Subclass of mammalia

Prototheria (/ˌproʊtəˈθɪəriə, -toʊ-/, PROH-toh-THEER-ee-ə; from Ancient Greek πρώτος prṓtos "first" and θήρ thḗr "wild animal") is an obsolete subclass of mammals which includes the living Monotremata and to which a variety of extinct groups, including Morganucodonta, Docodonta, Triconodonta and Multituberculata, have also been assigned. It is today no longer considered a valid grouping, but rather a paraphyletic evolutionary grade of basal mammals and mammaliaform cynodonts.

Most of the animals in this group are extinct. The egg-laying monotremes are known from fossils of the Cretaceous and Cenozoic periods; they are represented today by the platypus and four species of echidna.
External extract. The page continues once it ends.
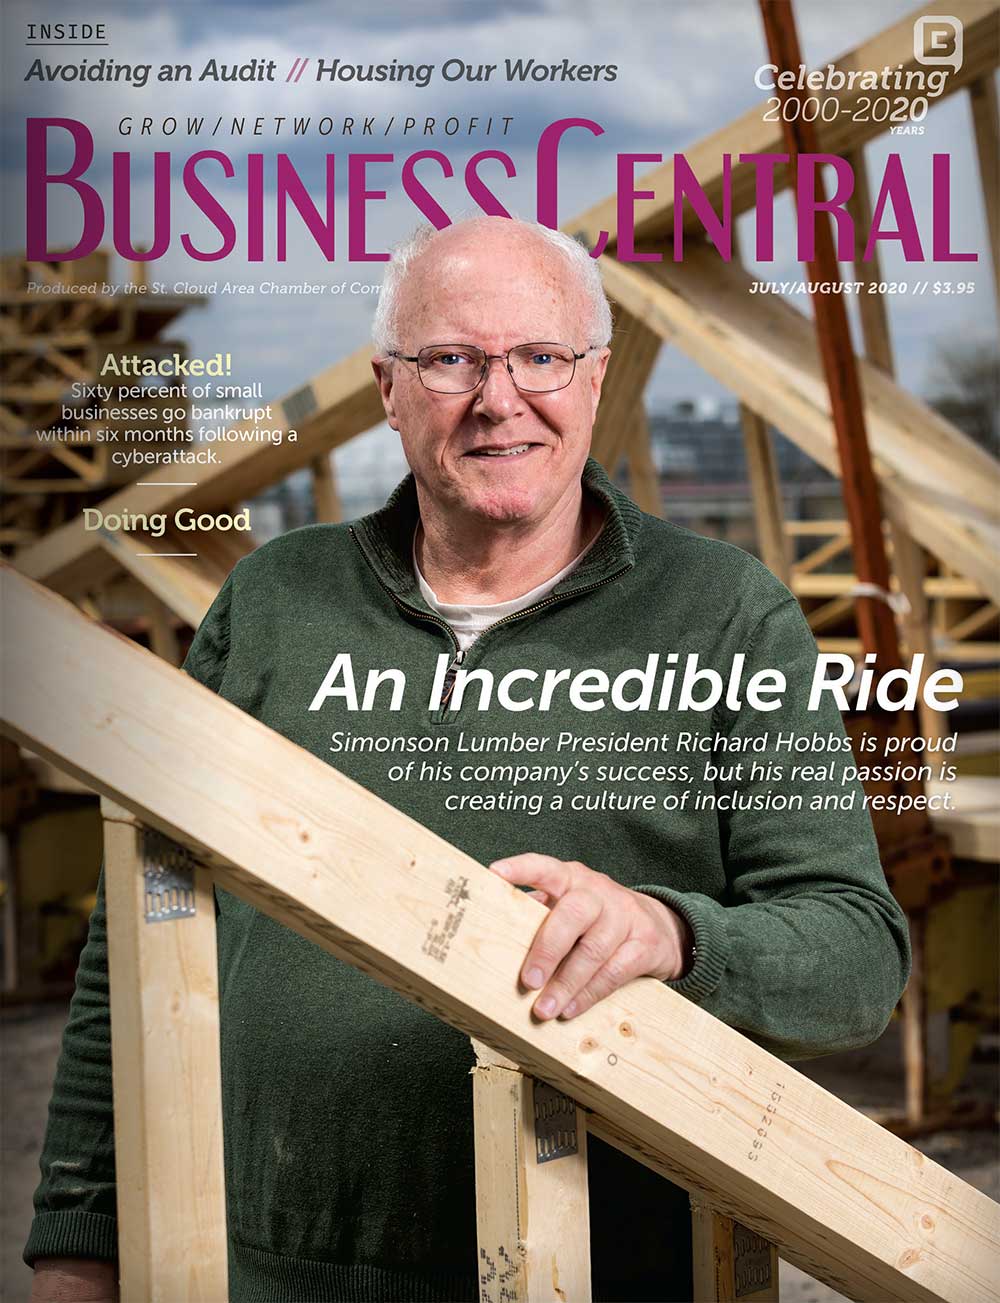 Rich Hobbs featured on the cover of Business Central magazine
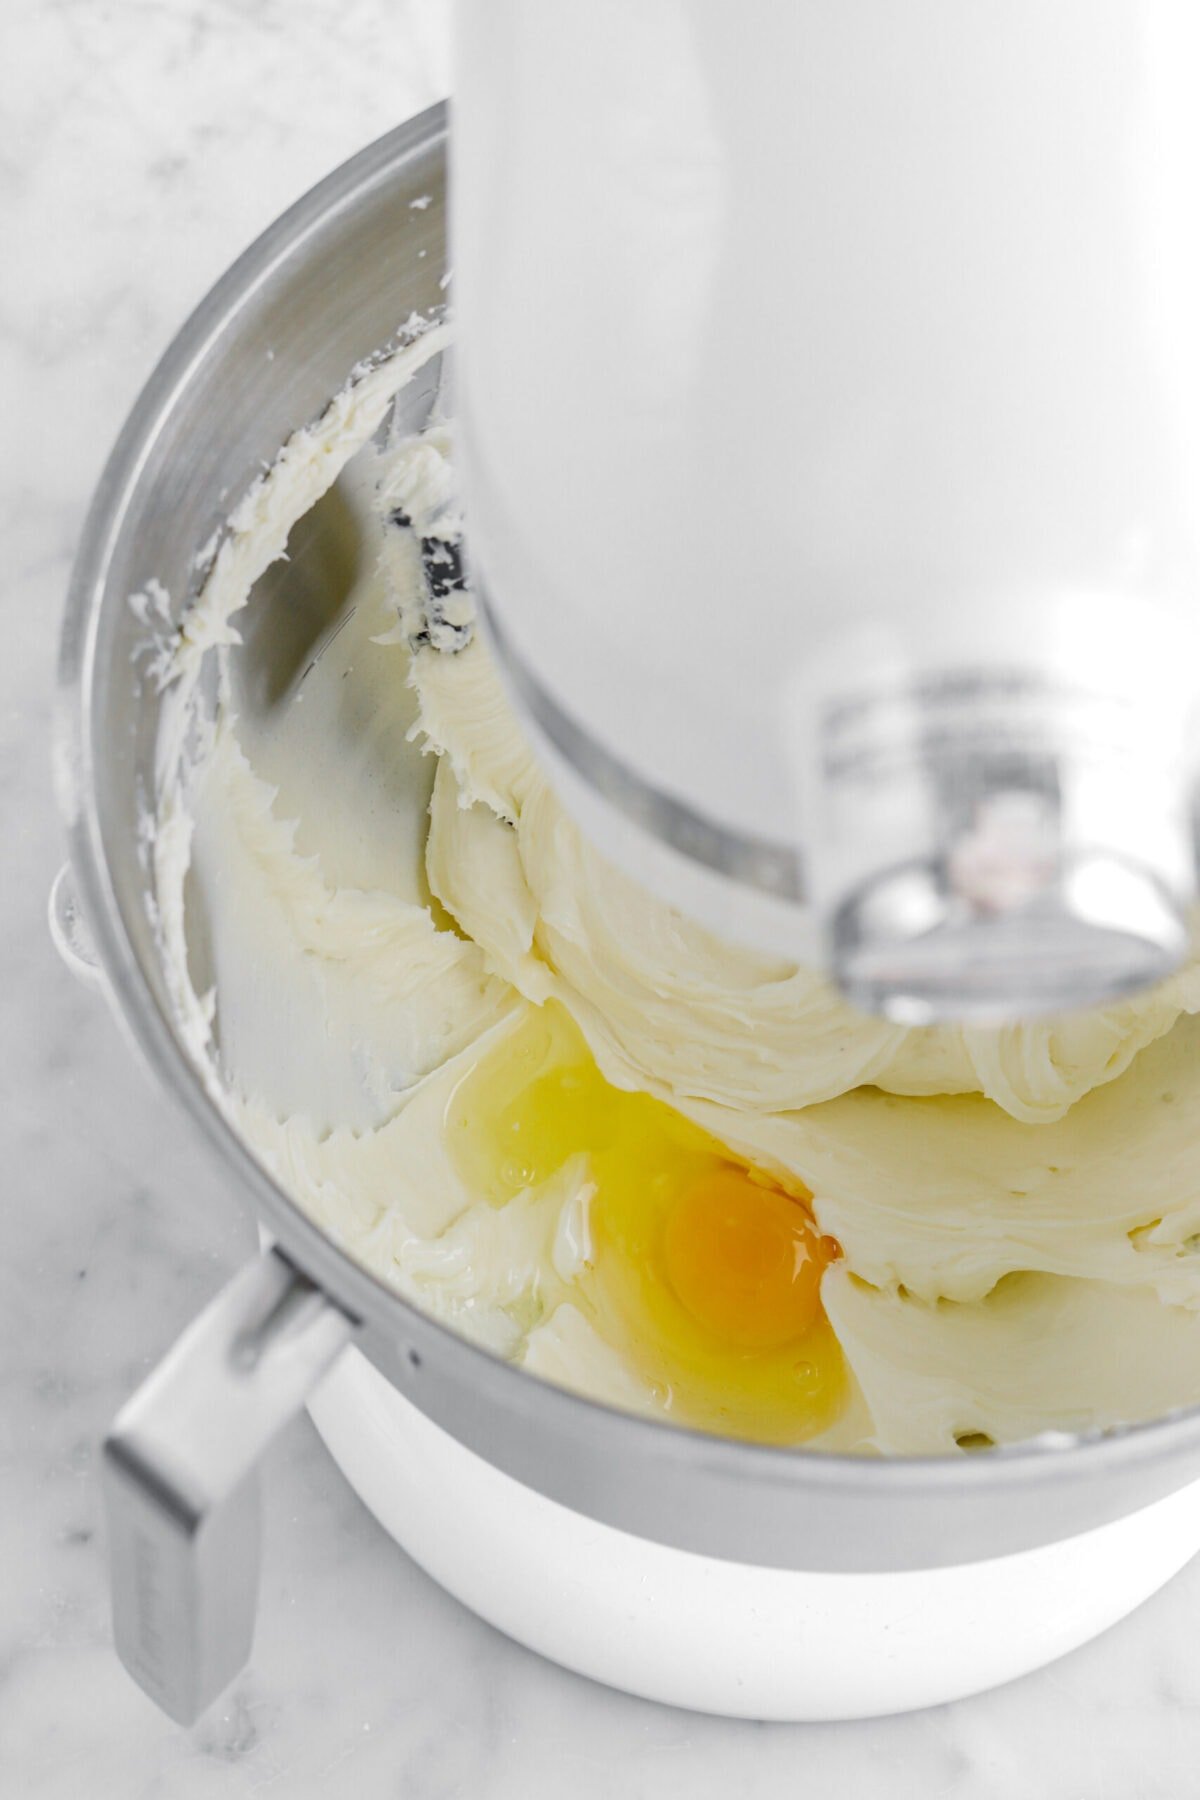 egg added to cream cheese mixture.

The names Prototheria, Metatheria, and Eutheria (loosely meaning "first beasts", "changed beasts", and "true beasts", respectively) refer to the three mammalian groupings of which we have living representatives. Each of the three may be defined as a total clade containing a living crown-group (respectively the Monotremata, Marsupialia and Placentalia) plus any fossil species which are more closely related to that crown-group than to any other living animals.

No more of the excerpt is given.